How To Clean Up The Comments Section

  • You’re all doomed!

    Doomed

  • If it cost 5 cents to post a comment on the internet, would you still do it? Would it cause you to post less often, and in fewer places? Think about that while you read on; we’ll come back round to it later.

    The internet is a society unto itself. Like any society, it requires rules to function productively. But because of its decentralised nature, very few rules are effectively enforced. Freedom of expression, for instance, tends to go unchecked, serving as a cheap defense for those who want to put down others without suffering the consequences. But freedom of expression is not freedom from consequence: if I barge into your house and start hurling abuse at you, you have every right to kick me out and call the police.

    Accountability on the internet doesn’t work that way, though. Anonymity prevents punishment on both technical and social levels. Names are screen names, and perpetrators have an endless supply of disguises to facilitate their depravity. And as truisms like Godwin’s Law prove, the unsavory element can pollute even the most innocent of discussions.

    So what measures could be taken to limit the vitriol so rampant on the internet? Let’s return to the notion of paying to post comments. Now, 5 cents isn’t a lot, but it represents a massive cognitive shift from the way we think when things are free. By assigning a price – even one so minimal – to the act of expression, it becomes a transaction. Our minds approach transactions with an expectation of profit: we want to get back more than we give, in terms of economic utility. If we’re paying to engage in online discourse, the conversation better be stimulating.
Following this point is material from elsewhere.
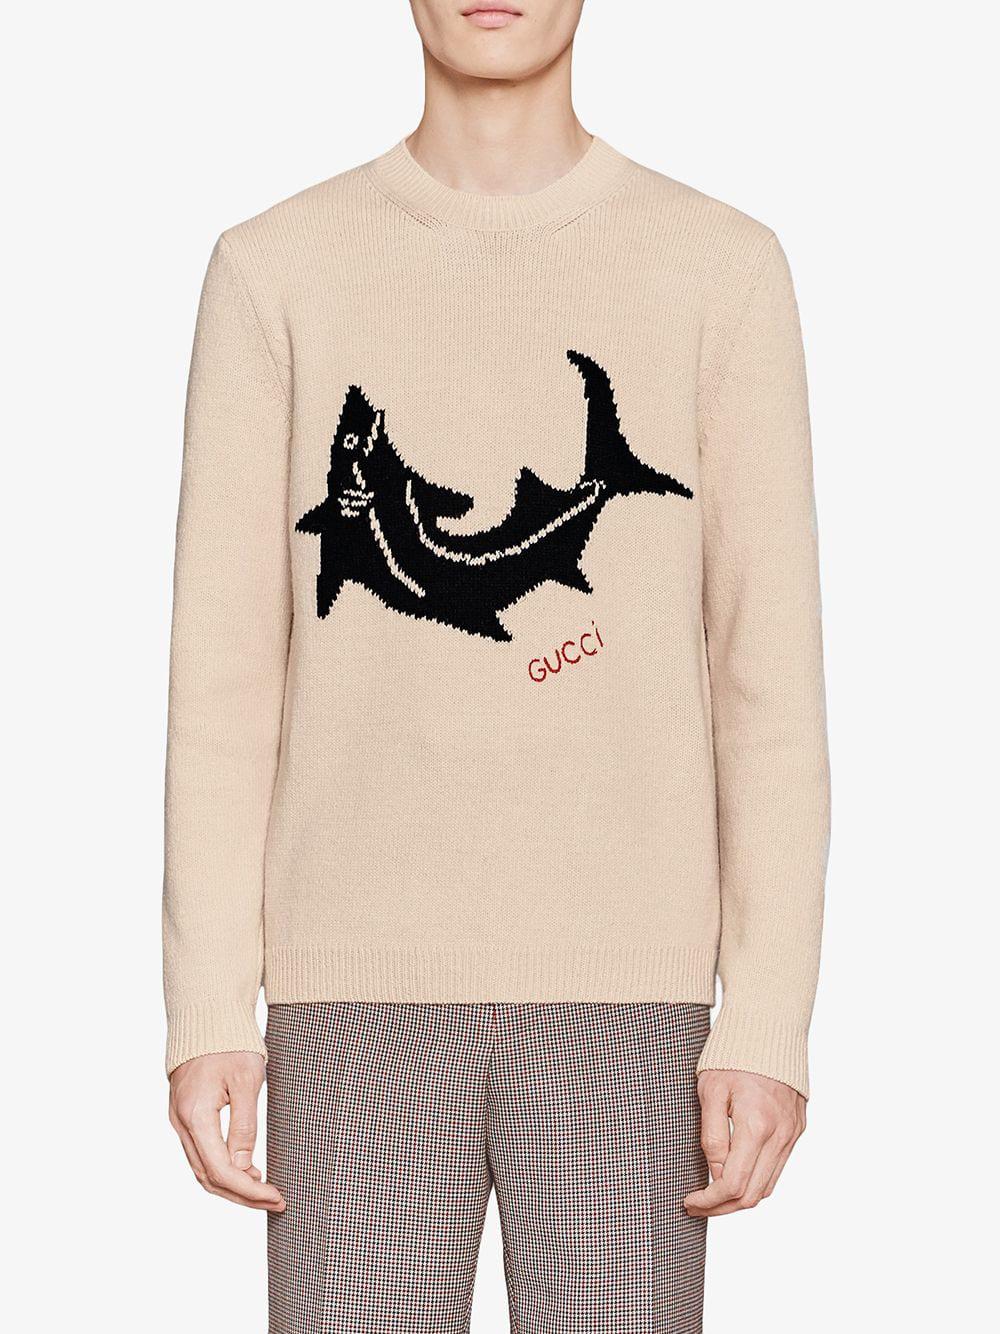 Gucci Wool Sweater With Shark in White for Men - Lyst

    Faced with an explicit value proposition, commenters would have to make an intellectual commitment rather than just an emotional one. The heat of the moment cools significantly when money gets involved. It’s why free-to-play games do magnitudes better than even 99c games. We don’t think of downloading a free-to-play game as a transaction, so we’re more susceptible to emotional persuasion. On the flip side, we tend to equate price with quality, perceiving 99c apps as higher quality than free-to-play. This attitude translates to online discourse: if comments came with price tags, we would assign them greater value than gratis commentary, whether we realized it or not. Consequently, the discourse as a whole would be elevated to a higher standard.

    In practical terms, paywalling comments runs into a lot of problems. An economic obstacle discriminates against the poor and allows the rich to establish a monopoly. Furthermore, serial pests might consider the cost worthwhile for the satisfaction they reap from attacking others. But the core concept is sound. Encourage people to be frugal with their commentary, and it will hew to a higher standard. Those that continue to troll and harass will have to pay for the chance, and ignoring them will become an indirect punishment, a passive protest with tangible effect. Voting with our wallet becomes a tool for discourse as well as commerce.

    Internet commentary needs to be improved. Just as drunken conversations lose coherence as you sober up, online discourse devolves into degeneracy in the absence of self-awareness. A paywall might not be the right answer, but it’s one worth thinking about.